If N is not a constant, you need a recursive function that imitates the above function by executing each for-loop in it's own frame. When for-loop terminates, program returns to the previous frame, in other words, backtracking.

I always had problems with recursion, and now I need to combine it with backtracking to generate all possible combinations. Any pointers of what am I doing wrong? What I should be doing or I am overlooking?

P.S: This is a college assignment that also includes basically doing the same thing for ordered n-tuples.

Thanks in advance!

/////////////////////////////////////////////////////////////////////////////////////////

Just wanted to follow up with the correct code just in case someone else out there is wondering the same thing.

void NTupleUnordered::add_element( int pos)
{

  if(static_cast<int>(tuple.size()) == tuple_size)
  {
    callback(tuple);
    return;
  }

  for (int i = pos; i < set_size; ++i)
  {
        // add element to the current combination
        tuple.push_back(i);
        add_element(i+1); 
        tuple.pop_back();     
  }
}

And for the case of ordered n-tuples:

void NTupleOrdered::add_element( int pos )
{
  if(static_cast<int>(tuple.size()) == tuple_size)
  {
    callback(tuple);
    return;
  }

  for (int i = pos; i < set_size; ++i)
  {
    // if the item was not found in the current combination
    if( std::find(tuple.begin(), tuple.end(), i) == tuple.end())
    {
        // add element to the current combination
        tuple.push_back(i);
        add_element(pos);
        tuple.pop_back();

    }
  }
}

Thank you Jason for your thorough response!

A good way to think about forming N combinations is to look at the structure like a tree of combinations. Traversing that tree then becomes a natural way to think about the recursive nature of the algorithm you wish to implement, and how the recursive process would work.

Let's say for instance that we have the sequence, {1, 2, 3, 4}, and we wish to find all the 3-combinations in that set. The "tree" of combinations would then look like the following:

                              root
                        ________|___
                       |            | 
                     __1_____       2
                    |        |      |
                  __2__      3      3
                 |     |     |      |
                 3     4     4      4

Traversing from the root using a pre-order traversal, and identifying a combination when we reach a leaf-node, we get the combinations:

{1, 2, 3}
{1, 2, 4}
{1, 3, 4}
{2, 3, 4}

So basically the idea would be to sequence through an array using an index value, that for each stage of our recursion (which in this case would be the "levels" of the tree), increments into the array to obtain the value that would be included in the combination set. Also note that we only need to recurse N times. Therefore you would have some recursive function whose signature that would look something like the following:

void recursive_comb(int step_val, int array_index, std::vector<int> tuple);

where the step_val indicates how far we have to recurse, the array_index value tells us where we're at in the set to start adding values to the tuple, and the tuple, once we're complete, will be an instance of a combination in the set.

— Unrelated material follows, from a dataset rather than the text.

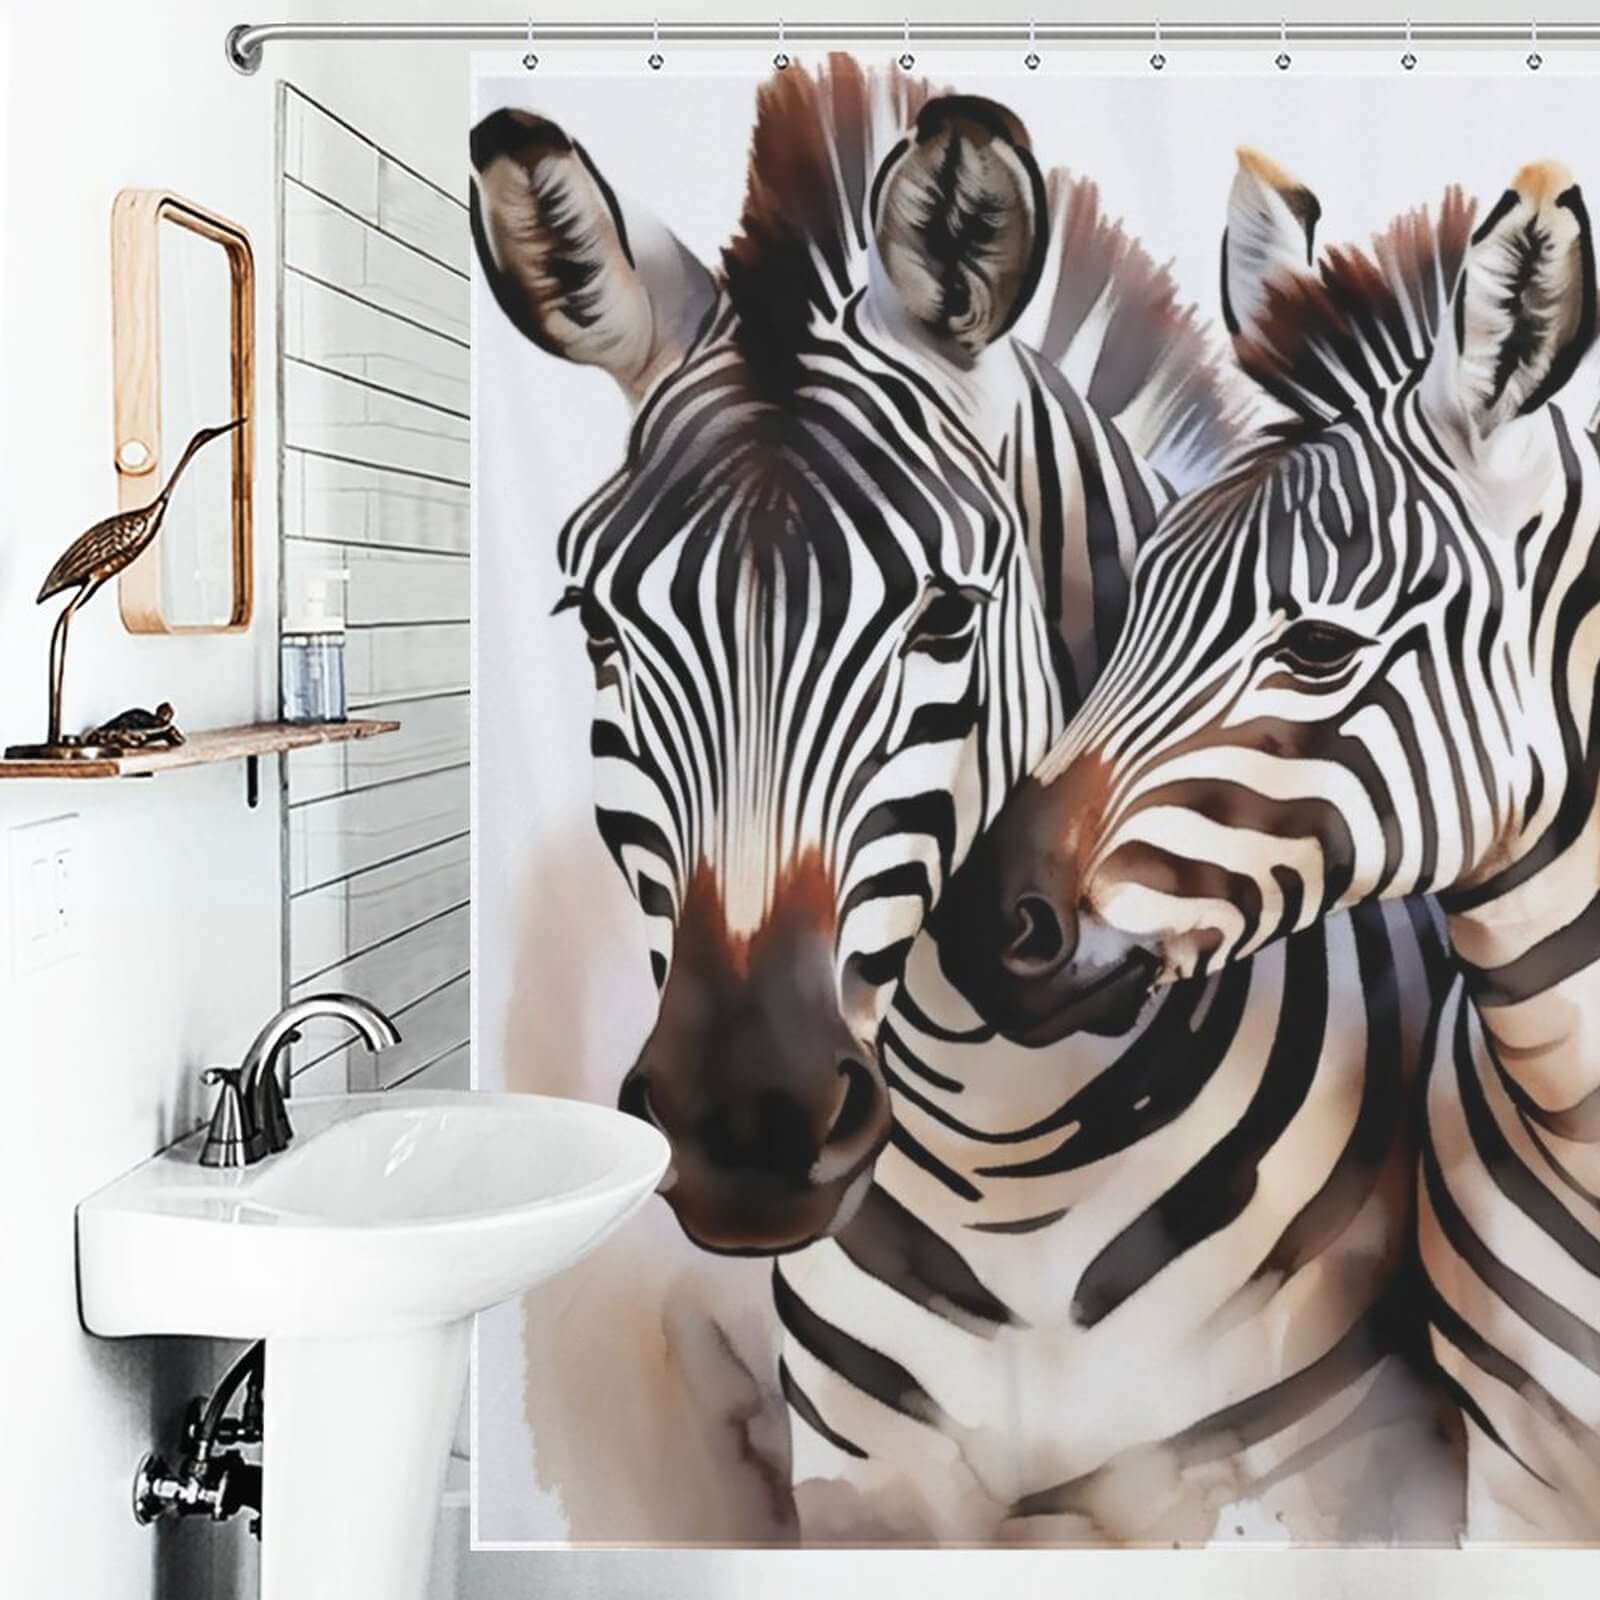 This Watercolor Zebra Shower Curtain by Cotton Cat features a hand-drawn watercolor design of two zebras. Made from 100% polyester material, it is both stylish and durable.

You would then need to call recursive_comb from another non-recursive function that basically "starts off" the recursive process by initializing the tuple vector and inputting the maximum recursive steps (i.e., the number of values we want in the tuple):

void init_combinations()
{
    std::vector<int> tuple;
    tuple.reserve(tuple_size); //avoids needless allocations
    recursive_comb(tuple_size, 0, tuple);
}

Finally your recusive_comb function would something like the following:

void recursive_comb(int step_val, int array_index, std::vector<int> tuple)
{
    if (step_val == 0)
    {
        all_combinations.push_back(tuple); //<==We have the final combination
        return;
    }

    for (int i = array_index; i < set.size(); i++)
    {
        tuple.push_back(set[i]);
        recursive_comb(step_val - 1, i + 1, tuple); //<== Recursive step
        tuple.pop_back(); //<== The "backtrack" step
    }

    return;
}

You can see a working example of this code here: http://ideone.com/78jkV

Note that this is not the fastest version of the algorithm, in that we are taking some extra branches we don't need to take which create some needless copying and function calls, etc. ... but hopefully it gets across the general idea of recursion and backtracking, and how the two work together.

Personally I would go with a simple iterative solution.

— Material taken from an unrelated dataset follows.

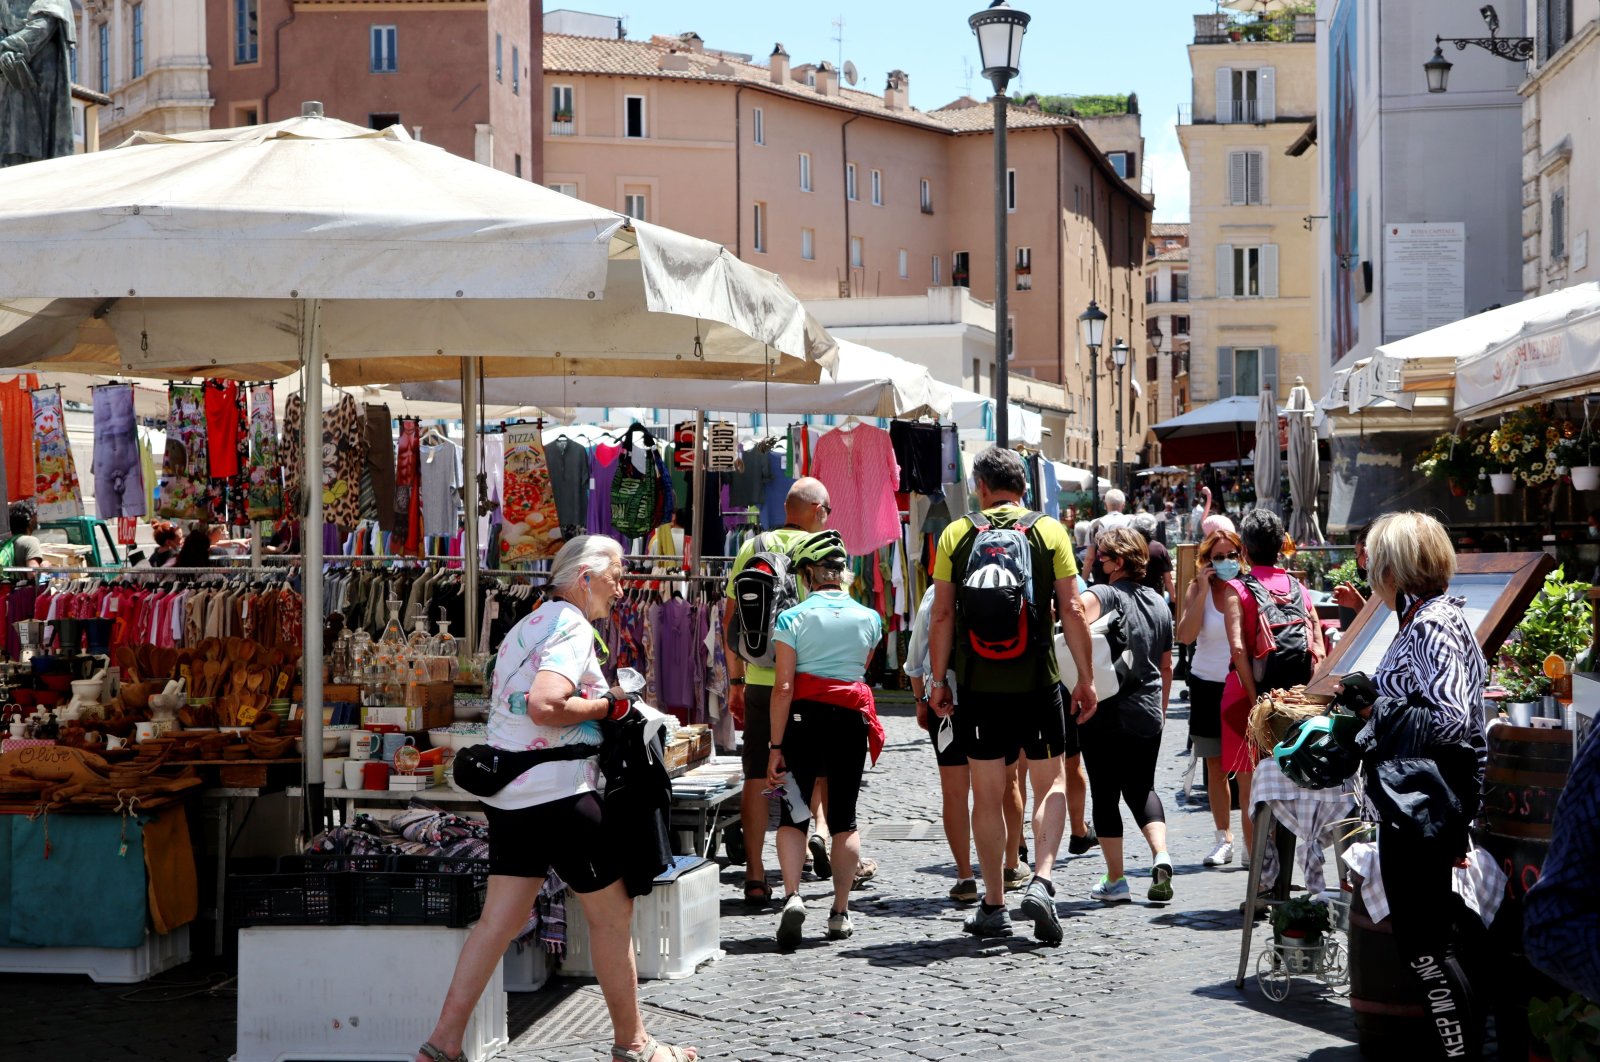 Tourists are seen at Campo de' Fiori traditional market, Rome, Italy, June 1, 2021. (Reuters Photo)

Represent you set of nodes as a set of bits. If you need 5 nodes then have 5 bits, each bit representing a specific node. If you want 3 of these in your tupple then you just need to set 3 of the bits and track their location.

Basically this is a simple variation on fonding all different subsets of nodes combinations. Where the classic implementation is represent the set of nodes as an integer. Each bit in the integer represents a node. The empty set is then 0. Then you just increment the integer each new value is a new set of nodes (the bit pattern representing the set of nodes). Just in this variation you make sure that there are always 3 nodes on.

Just to help me think I start with the 3 top nodes active { 4, 3, 2 }. Then I count down. But it would be trivial to modify this to count in the other direction.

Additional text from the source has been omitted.